In the entries below, how many lines hold the string "года"? Answer with the number only.

*** PROVIDED RECORDS Section Begins ***

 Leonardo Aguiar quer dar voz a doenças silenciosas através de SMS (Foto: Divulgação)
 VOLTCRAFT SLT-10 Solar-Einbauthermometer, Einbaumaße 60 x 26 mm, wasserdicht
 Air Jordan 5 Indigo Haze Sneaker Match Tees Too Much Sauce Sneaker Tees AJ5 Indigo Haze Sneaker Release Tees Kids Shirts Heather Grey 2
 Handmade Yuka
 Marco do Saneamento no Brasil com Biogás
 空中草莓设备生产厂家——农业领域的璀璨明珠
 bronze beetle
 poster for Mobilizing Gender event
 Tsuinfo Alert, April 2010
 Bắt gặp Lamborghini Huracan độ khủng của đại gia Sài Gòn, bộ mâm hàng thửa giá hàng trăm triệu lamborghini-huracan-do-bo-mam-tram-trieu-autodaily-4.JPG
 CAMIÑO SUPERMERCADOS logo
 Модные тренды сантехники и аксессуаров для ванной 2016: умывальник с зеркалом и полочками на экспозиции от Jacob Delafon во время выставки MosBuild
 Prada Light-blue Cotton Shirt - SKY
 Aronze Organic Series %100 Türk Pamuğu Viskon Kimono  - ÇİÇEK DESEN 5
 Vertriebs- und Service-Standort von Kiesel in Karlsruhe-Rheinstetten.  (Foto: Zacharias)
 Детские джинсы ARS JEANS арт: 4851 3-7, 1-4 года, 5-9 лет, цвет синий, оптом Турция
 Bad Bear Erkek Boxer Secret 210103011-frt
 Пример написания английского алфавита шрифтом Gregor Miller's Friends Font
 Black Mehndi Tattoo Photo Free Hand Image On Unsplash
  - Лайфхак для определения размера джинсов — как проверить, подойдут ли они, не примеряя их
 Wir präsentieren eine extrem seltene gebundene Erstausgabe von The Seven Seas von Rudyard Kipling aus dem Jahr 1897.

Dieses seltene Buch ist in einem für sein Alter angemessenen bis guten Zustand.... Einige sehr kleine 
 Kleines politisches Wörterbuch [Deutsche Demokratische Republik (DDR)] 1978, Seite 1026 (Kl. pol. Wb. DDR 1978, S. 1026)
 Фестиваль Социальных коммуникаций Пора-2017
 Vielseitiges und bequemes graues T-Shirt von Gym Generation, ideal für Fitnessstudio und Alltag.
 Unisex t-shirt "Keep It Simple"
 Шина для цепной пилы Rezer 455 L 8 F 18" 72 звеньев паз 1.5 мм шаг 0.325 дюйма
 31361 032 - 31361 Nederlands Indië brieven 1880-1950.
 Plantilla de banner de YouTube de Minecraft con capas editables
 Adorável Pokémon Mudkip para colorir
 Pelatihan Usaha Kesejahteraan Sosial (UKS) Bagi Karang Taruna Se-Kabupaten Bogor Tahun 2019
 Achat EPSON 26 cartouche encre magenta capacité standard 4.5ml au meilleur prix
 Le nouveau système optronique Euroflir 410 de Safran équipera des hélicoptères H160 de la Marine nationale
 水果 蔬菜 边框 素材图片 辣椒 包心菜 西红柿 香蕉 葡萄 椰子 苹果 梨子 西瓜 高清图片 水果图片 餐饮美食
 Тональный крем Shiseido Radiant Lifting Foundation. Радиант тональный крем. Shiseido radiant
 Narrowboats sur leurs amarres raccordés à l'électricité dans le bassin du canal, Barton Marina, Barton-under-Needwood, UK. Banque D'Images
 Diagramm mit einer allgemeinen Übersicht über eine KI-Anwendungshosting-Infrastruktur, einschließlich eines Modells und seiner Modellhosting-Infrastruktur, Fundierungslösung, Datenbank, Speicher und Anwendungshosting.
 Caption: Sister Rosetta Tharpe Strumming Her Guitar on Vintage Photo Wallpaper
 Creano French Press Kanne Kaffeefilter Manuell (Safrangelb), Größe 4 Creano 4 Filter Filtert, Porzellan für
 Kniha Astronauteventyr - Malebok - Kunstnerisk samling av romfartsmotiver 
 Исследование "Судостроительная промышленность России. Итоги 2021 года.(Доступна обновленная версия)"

*** PROVIDED RECORDS Section Ends ***

### FINISHED EXERCISE
2